▸ What you will do:
Set down the data below in full, exactly as it reads, but without the pictures.

▸ Information supplied:
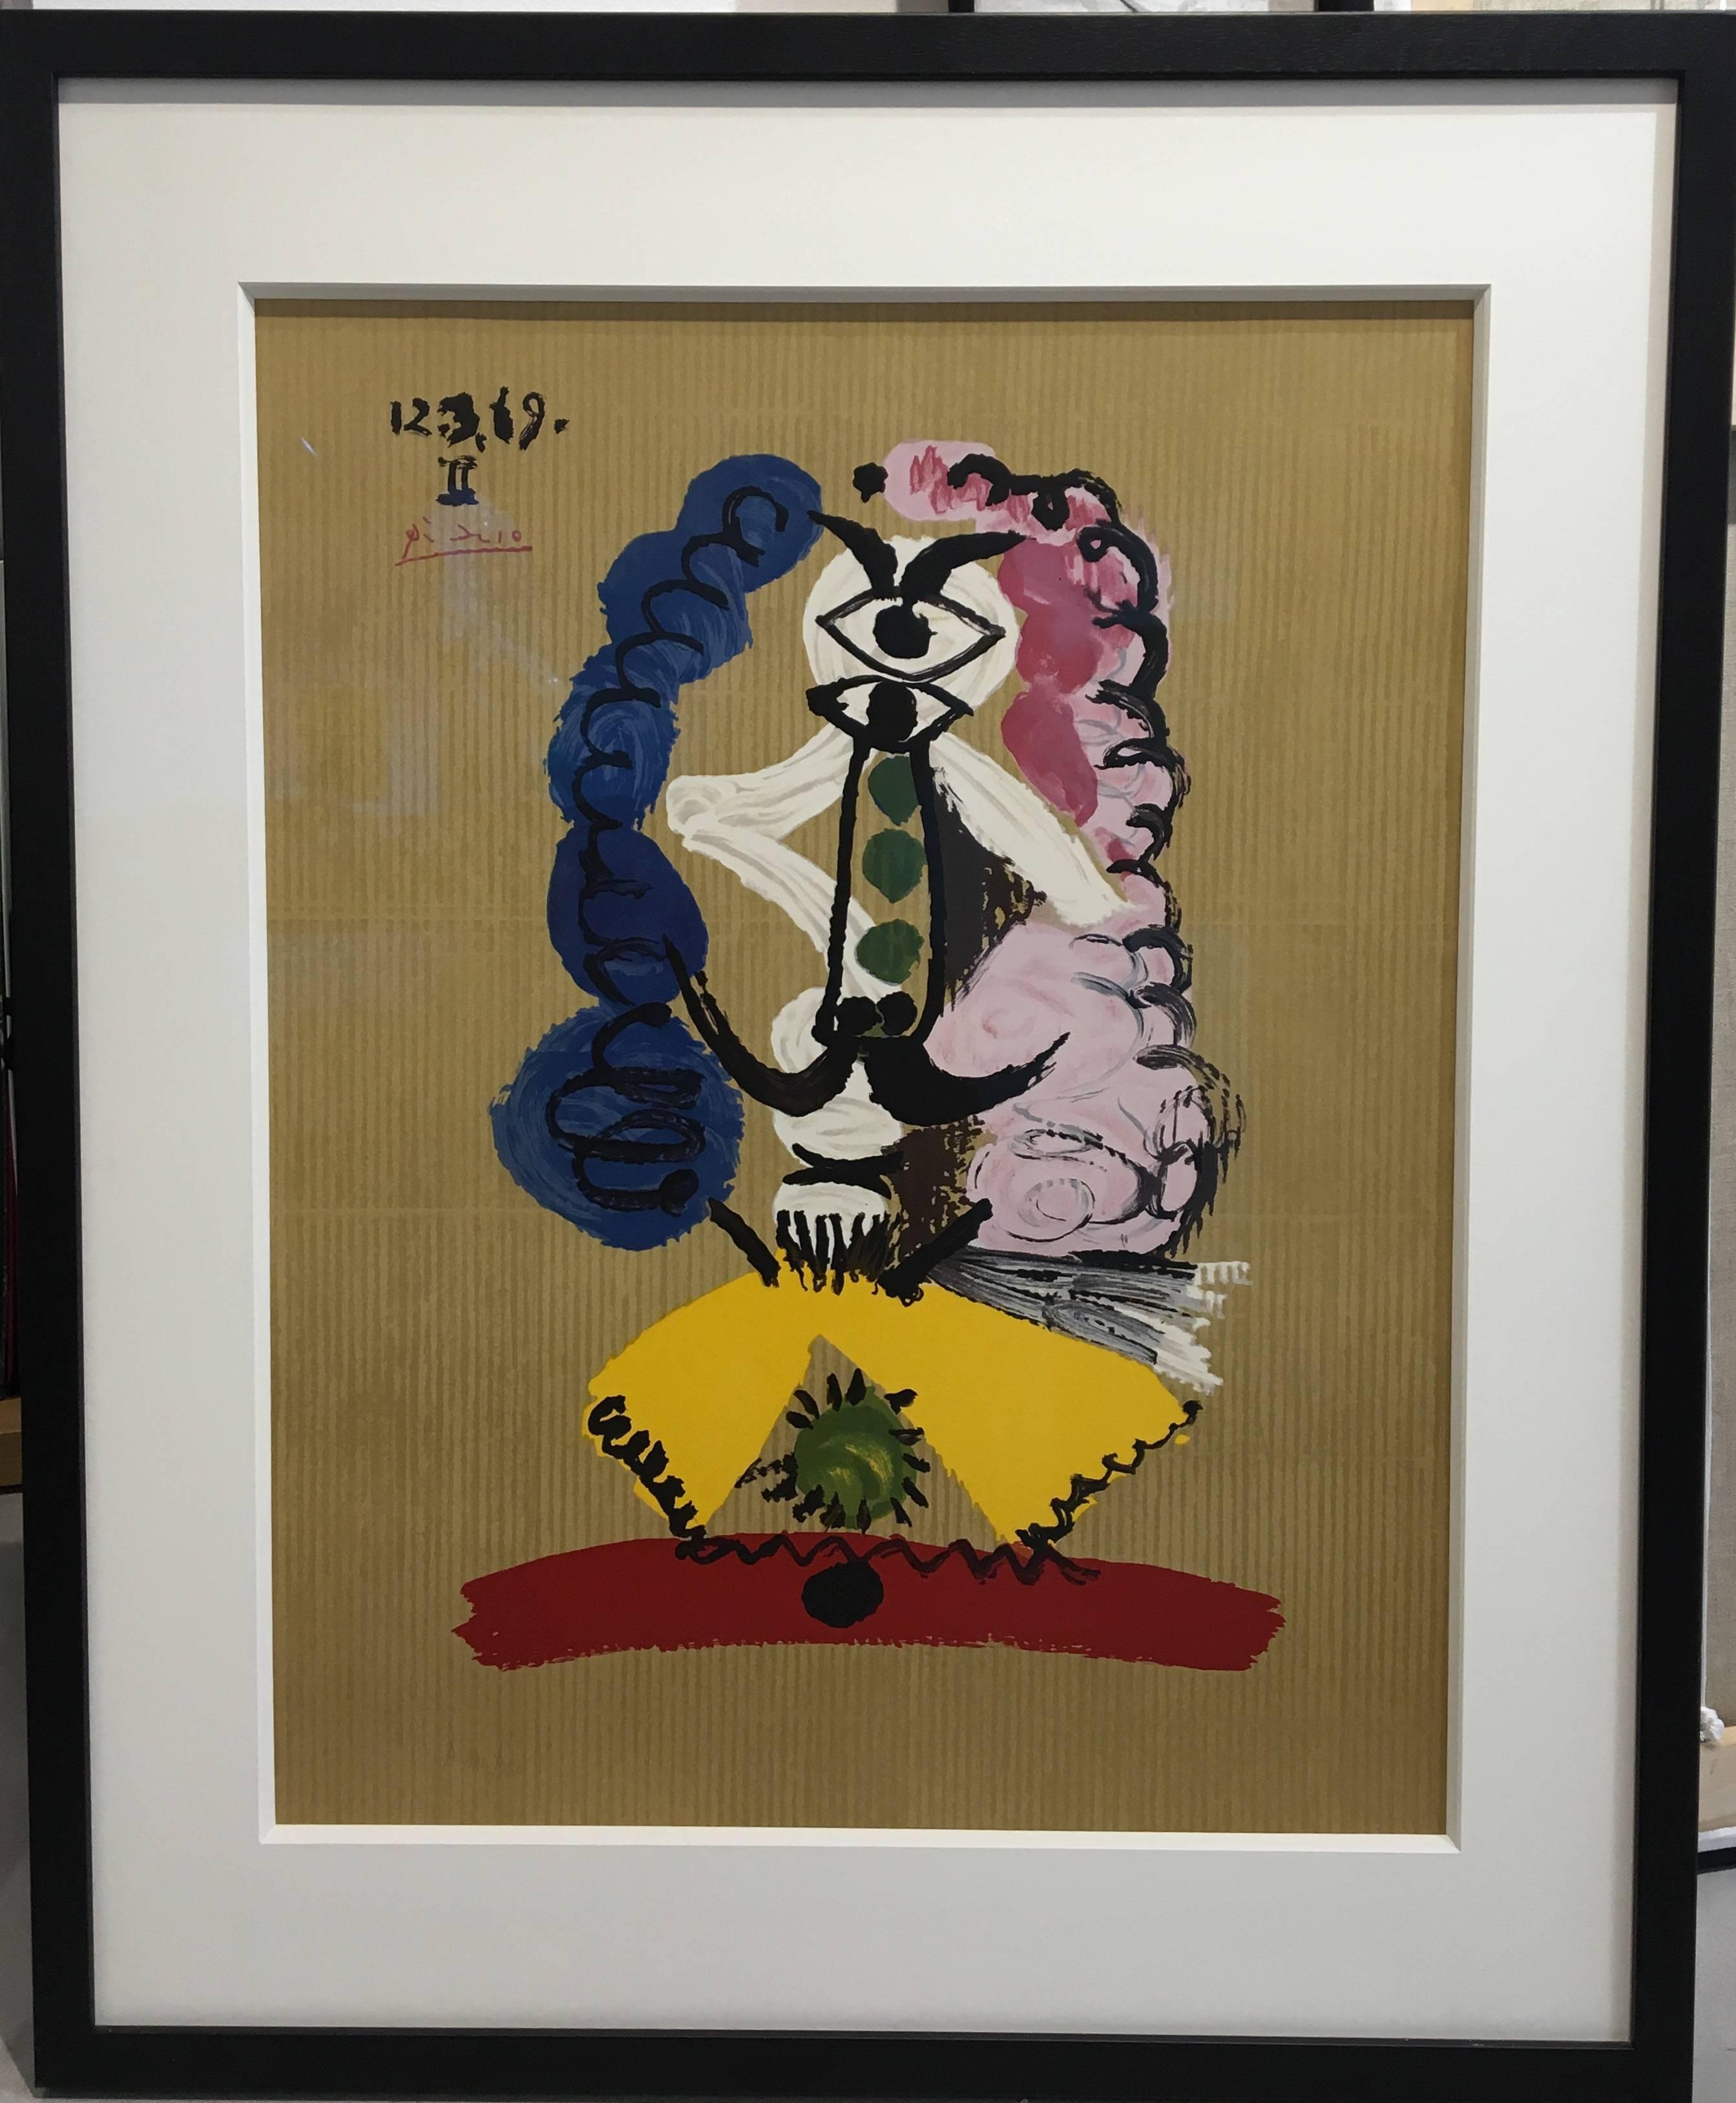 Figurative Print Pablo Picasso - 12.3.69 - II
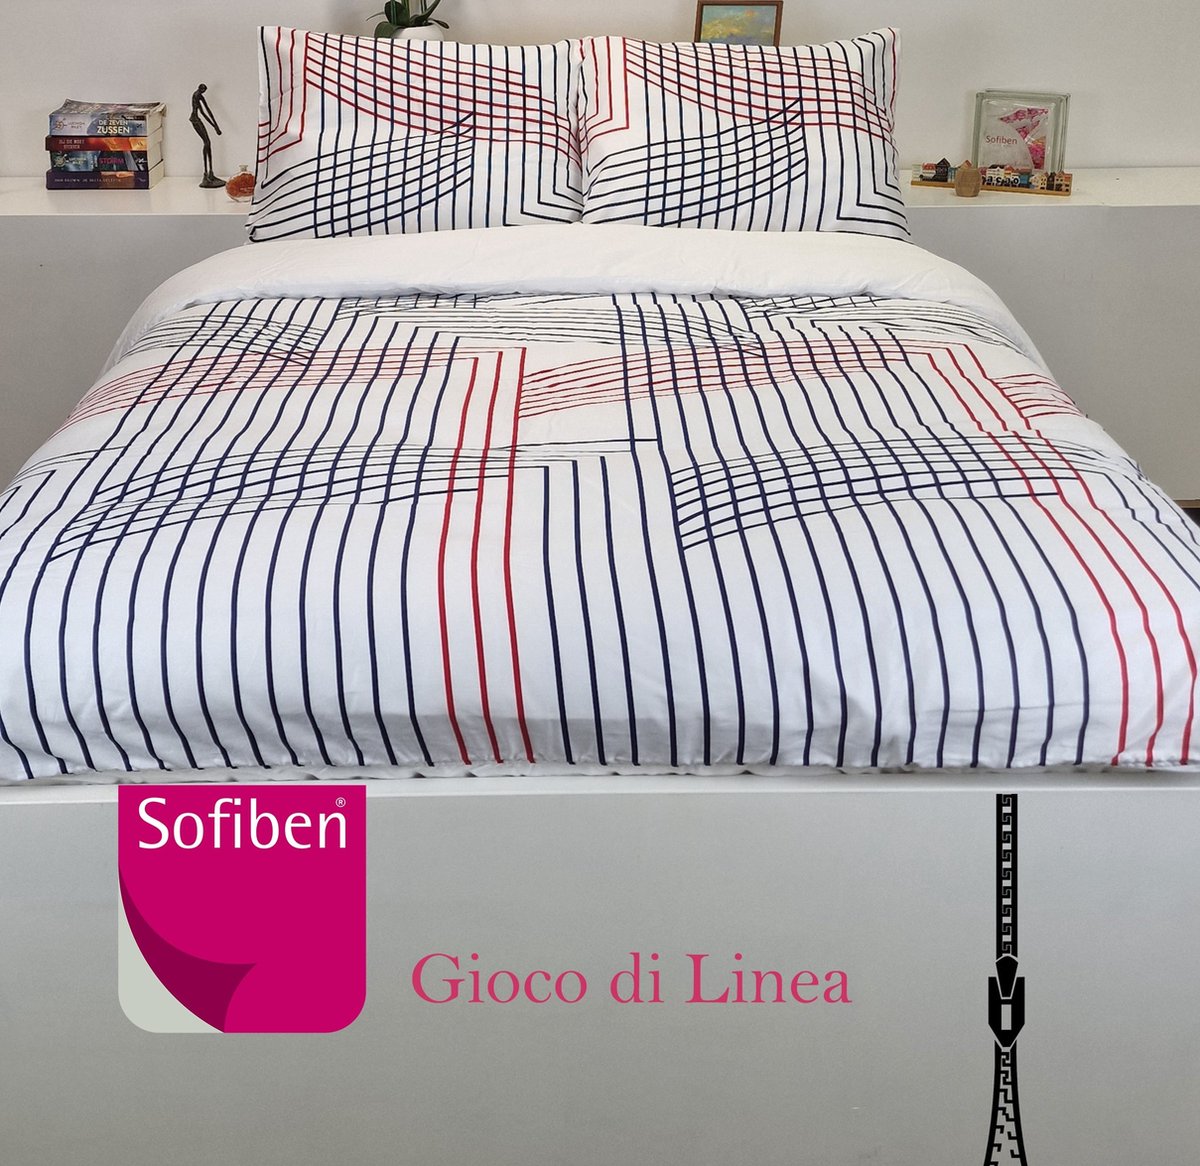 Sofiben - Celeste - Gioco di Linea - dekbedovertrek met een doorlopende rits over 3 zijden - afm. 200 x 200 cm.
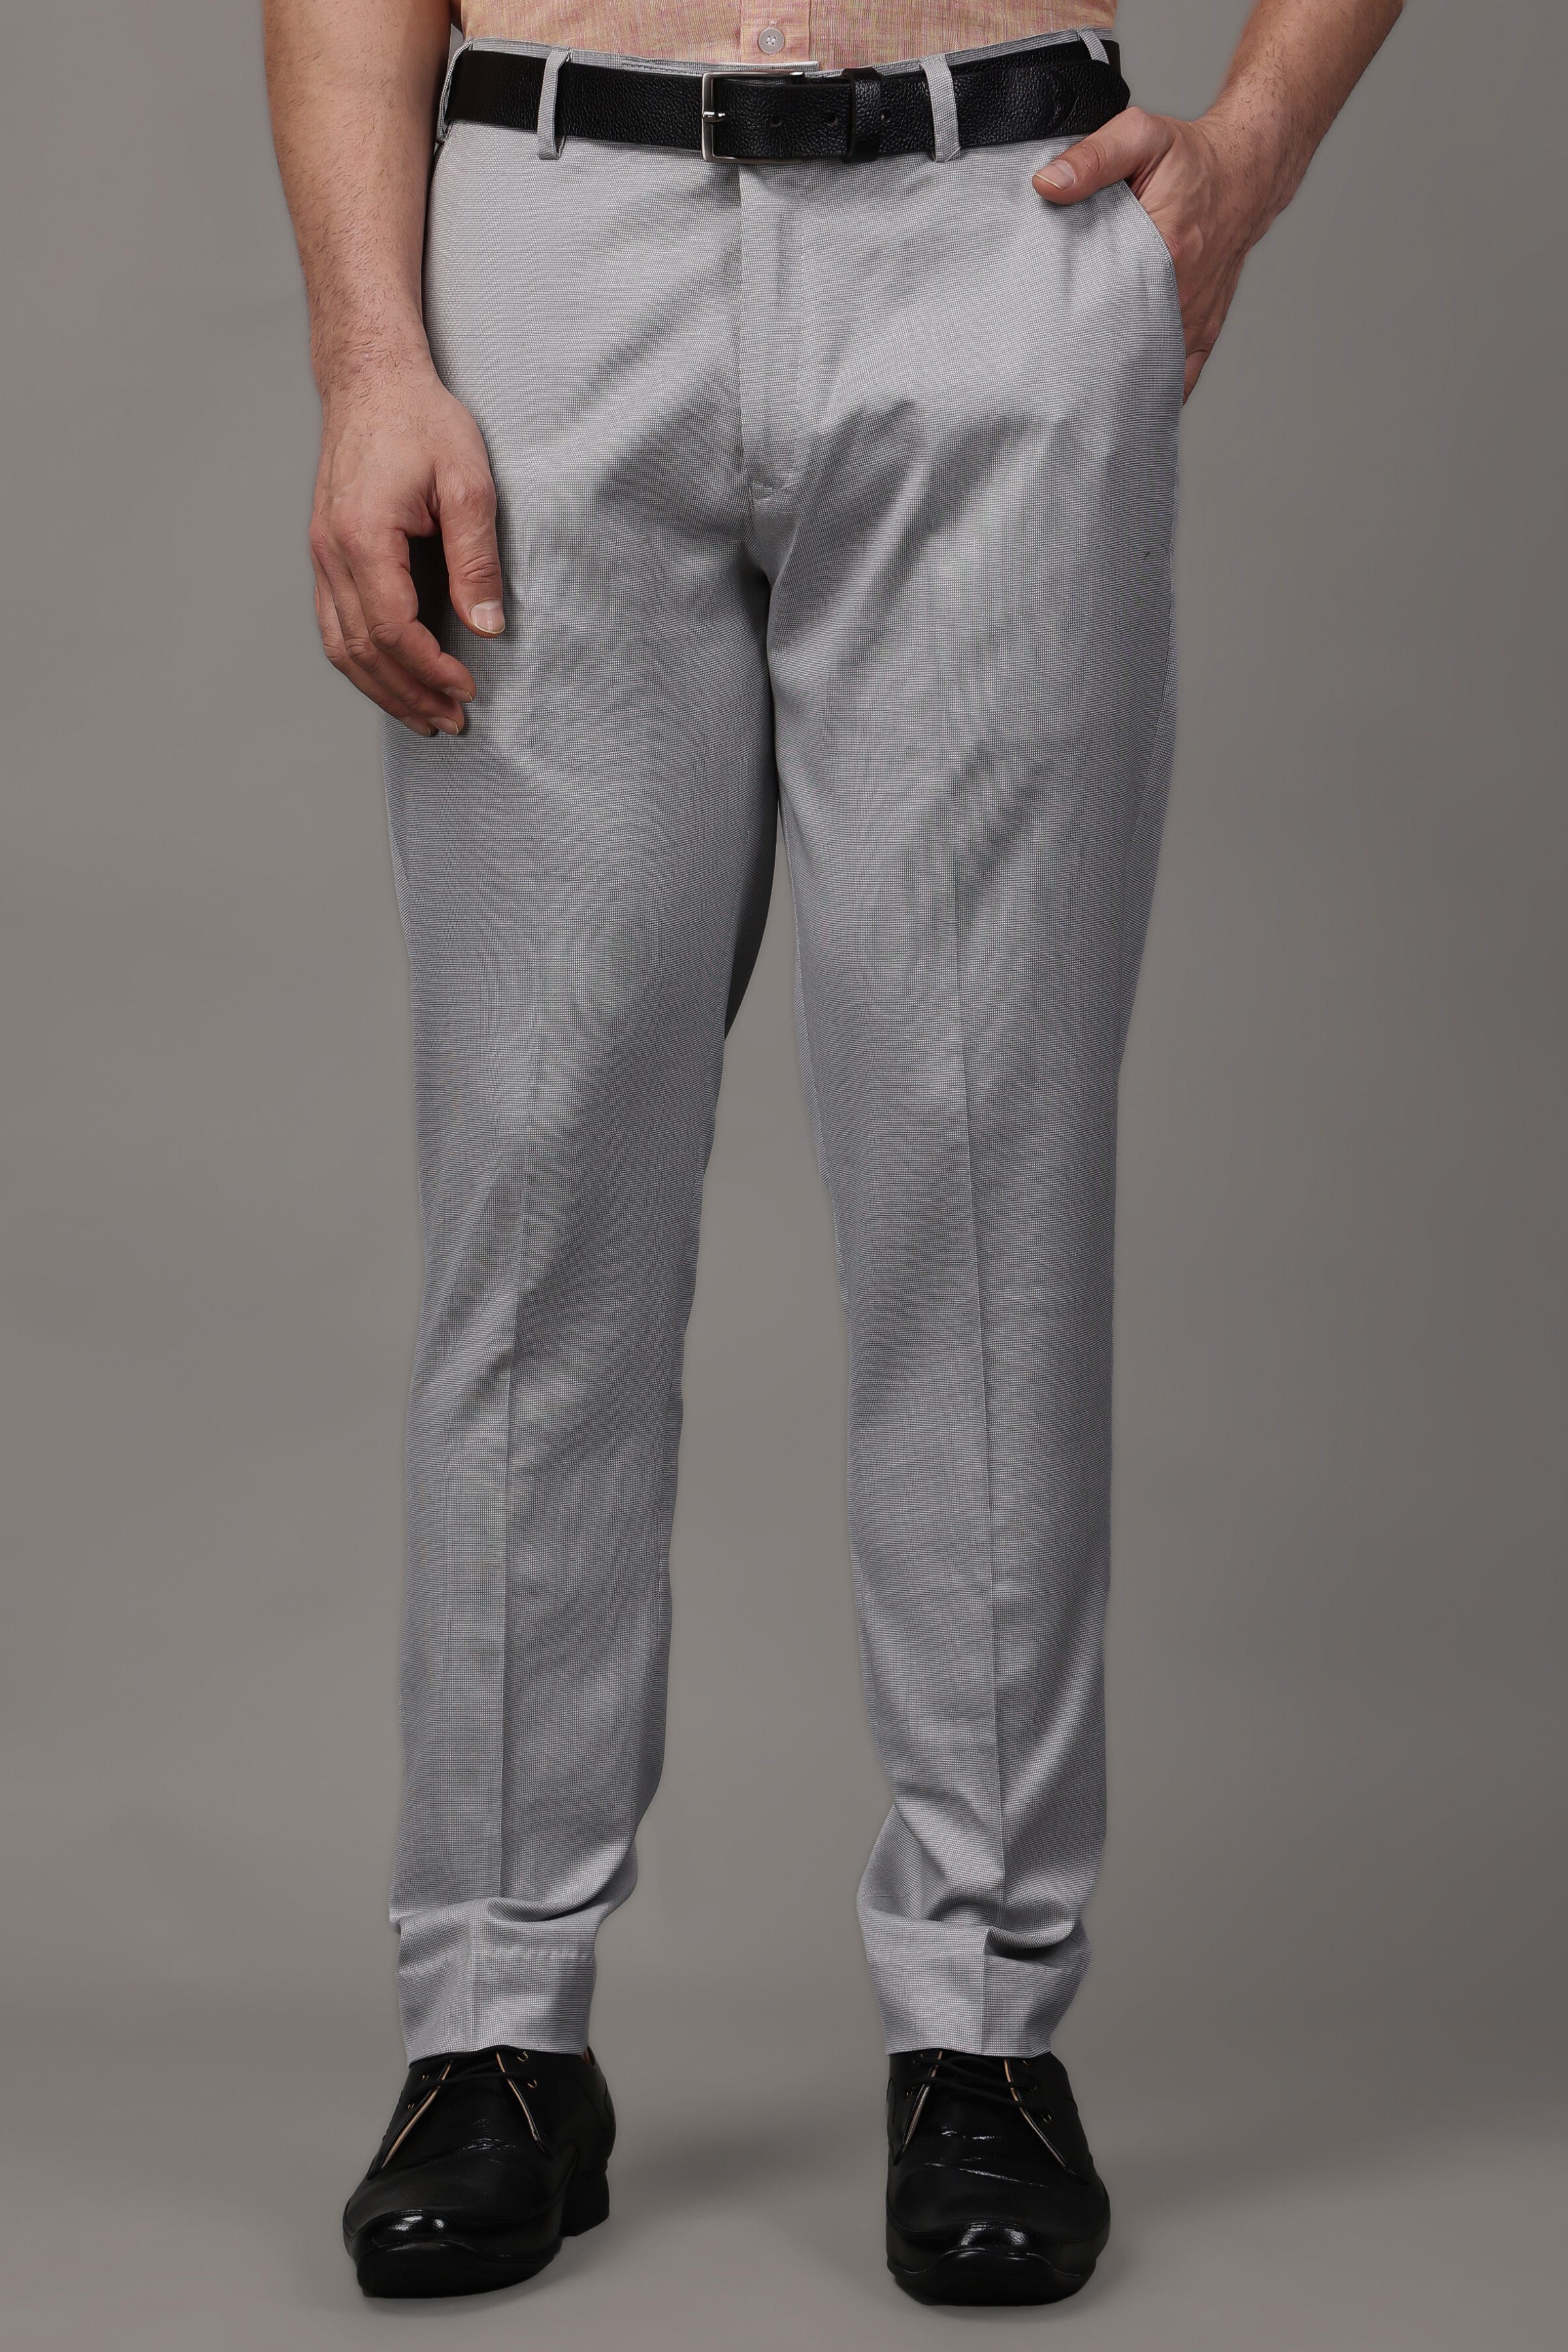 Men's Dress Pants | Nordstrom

▸ Solution to this problem:
 Figurative Print Pablo Picasso - 12.3.69 - II
 Sofiben - Celeste - Gioco di Linea - dekbedovertrek met een doorlopende rits over 3 zijden - afm. 200 x 200 cm.
 Men's Dress Pants | Nordstrom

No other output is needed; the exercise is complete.